Ecco ora il riassunto della sua storia, di cui sopprimiamo i miracoli, così come abbiamo fatto per gli altri evangelisti:
Il Salvatore nacque a Betlemme (2:4-7), al tempo del censimento di Quirino, governatore della Siria (anno 6); ma Luca sembra anche dire, nel capitolo 1, verso 5, che accadeva ai tempi di Erode il Grande morto quattro anni prima della nostra era. Forse confondeva Erode il Grande con suo figlio Erode Antipa, fatto che avrebbe rimosso la contraddizione. [12] Il figlio di Maria ha dei fratelli che il terzo evangelista non nomina affatto (8:19-20); al pari di Giovanni, non fa menzione delle sorelle del Nuovo Dio. L'anno 15 di Tiberio (questa è l'unica data precisa citata nel Nuovo Testamento e corrisponde all'anno 29 della nostra era), Giovanni cominciò a predicare in Giudea, Anna e Caifa essendo sommi sacerdoti. In realtà, Anna non esercitava più il sacerdozio fin dall'anno 15 dopo Gesù Cristo, e Caifa, elevato a questo ministero nell'anno 18, lo lasciò nell'anno 36. Dopo che Gesù era stato battezzato da Giovanni, esordisce nella predicazione: aveva allora, a detta di Luca (3:23), una trentina d'anni, che ci porta all'anno 36, se era nato sotto Quirino, e all'anno 26, se era venuto al mondo nell'ultimo anno del regno di Erode. Con un po' di buona volontà, entrambe le date possono corrispondere col racconto di Matteo. La tradizione prende la media tra questi due punti di riferimento e pone la morte del suo eroe intorno all'anno 30.

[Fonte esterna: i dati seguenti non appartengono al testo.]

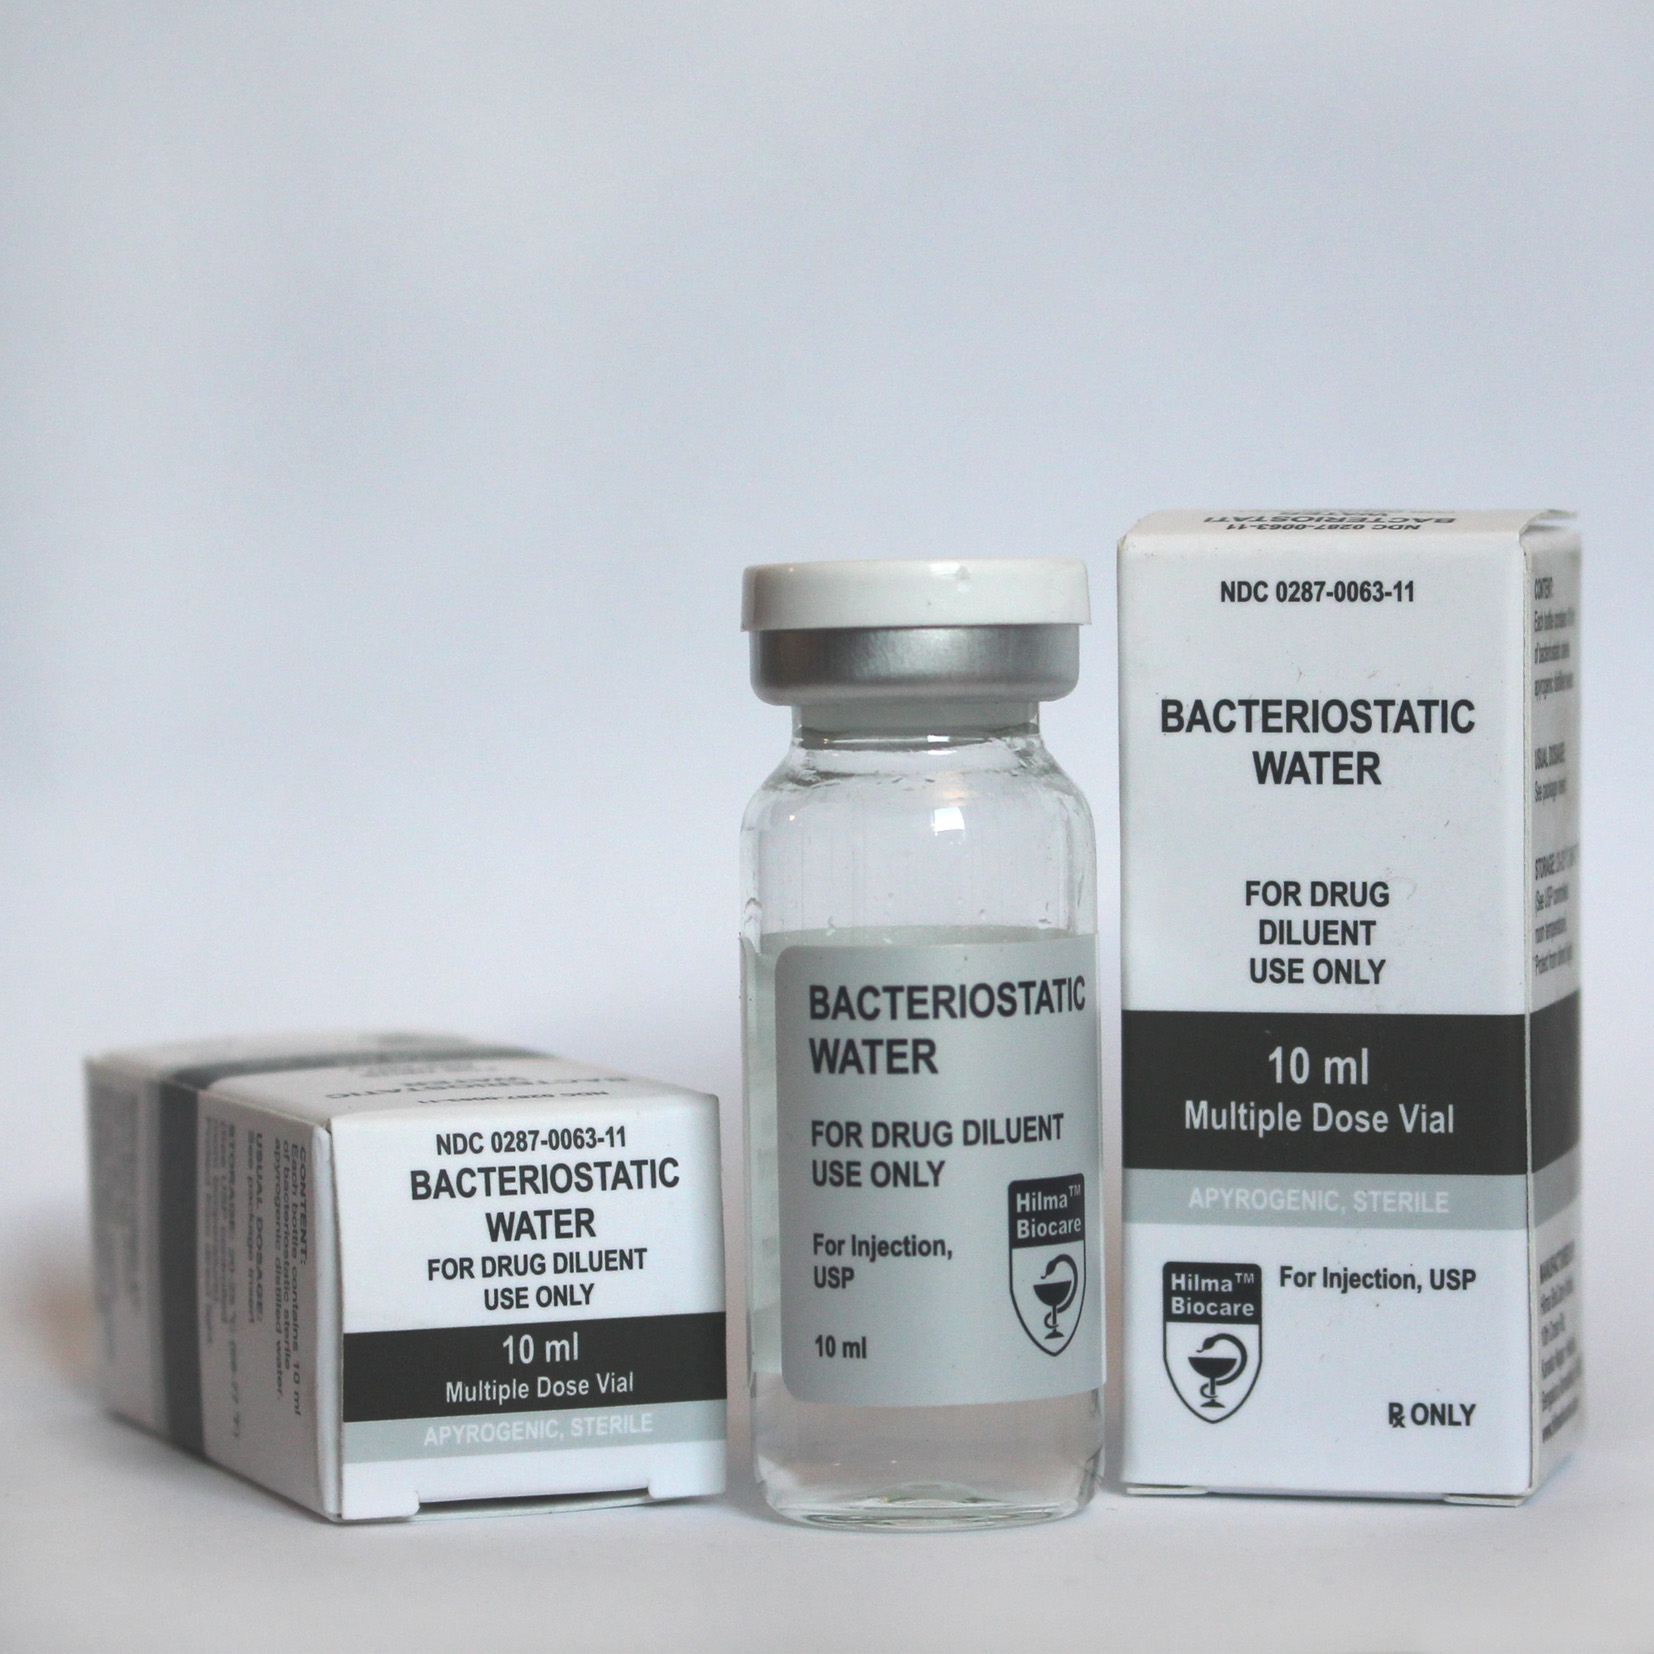 Hilma Biocare Bacteriostatisch Water 10ml (Bac. water)

Dopo una predicazione [13] la cui durata non è affatto indicata, ma che sembra essere durata un anno, Gesù va a Gerusalemme (19:1), vi viene arrestato e condotto al sommo sacerdote. Al pari di Marco, Luca non dà il nome di questo importante pontefice; tuttavia, ci fa apprendere (3:2) che al momento in cui il futuro Redentore si fece battezzare, Anna e Caifa erano sommi sacerdoti, il che è inesatto, e si può supporre che egli li consideri entrambi ancora in carica, al momento della morte del Salvatore, a continuare il loro duumvirato immaginario. Ciò che può ancora impegnarci di più a credergli, è che Giovanni, riproducendo lo stesso errore, conduce il Cristo successivamente da Anna e da Caifa. All'indomani del suo arresto, l'imputato viene trasferito al tribunale di Ponzio Pilato, che lo interroga e lo rimanda ad Erode. Luca è l'unico degli evangelisti che immagina l'intervento di Erode in questo affare e, comunque, lo racconta assai goffamente. Il tetrarca che non può estrarre alcuna risposta da parte dell'incolpato, si accontenta, “con i suoi soldati”, di farsi beffe di lui e lo fa ricondurre dal procuratore Pilato che tenta vanamente di salvare il disgraziato dicendo che né lui né Erode lo hanno trovato colpevole di alcun crimine; ma è obbligato a cedere alle grida di una popolazione furiosa e a farlo crocifiggere “con due altri malfattori” (23:32). Giuseppe d'Arimatea si prende cura del suo funerale, dopo averne ottenuto l'autorizzazione del procuratore.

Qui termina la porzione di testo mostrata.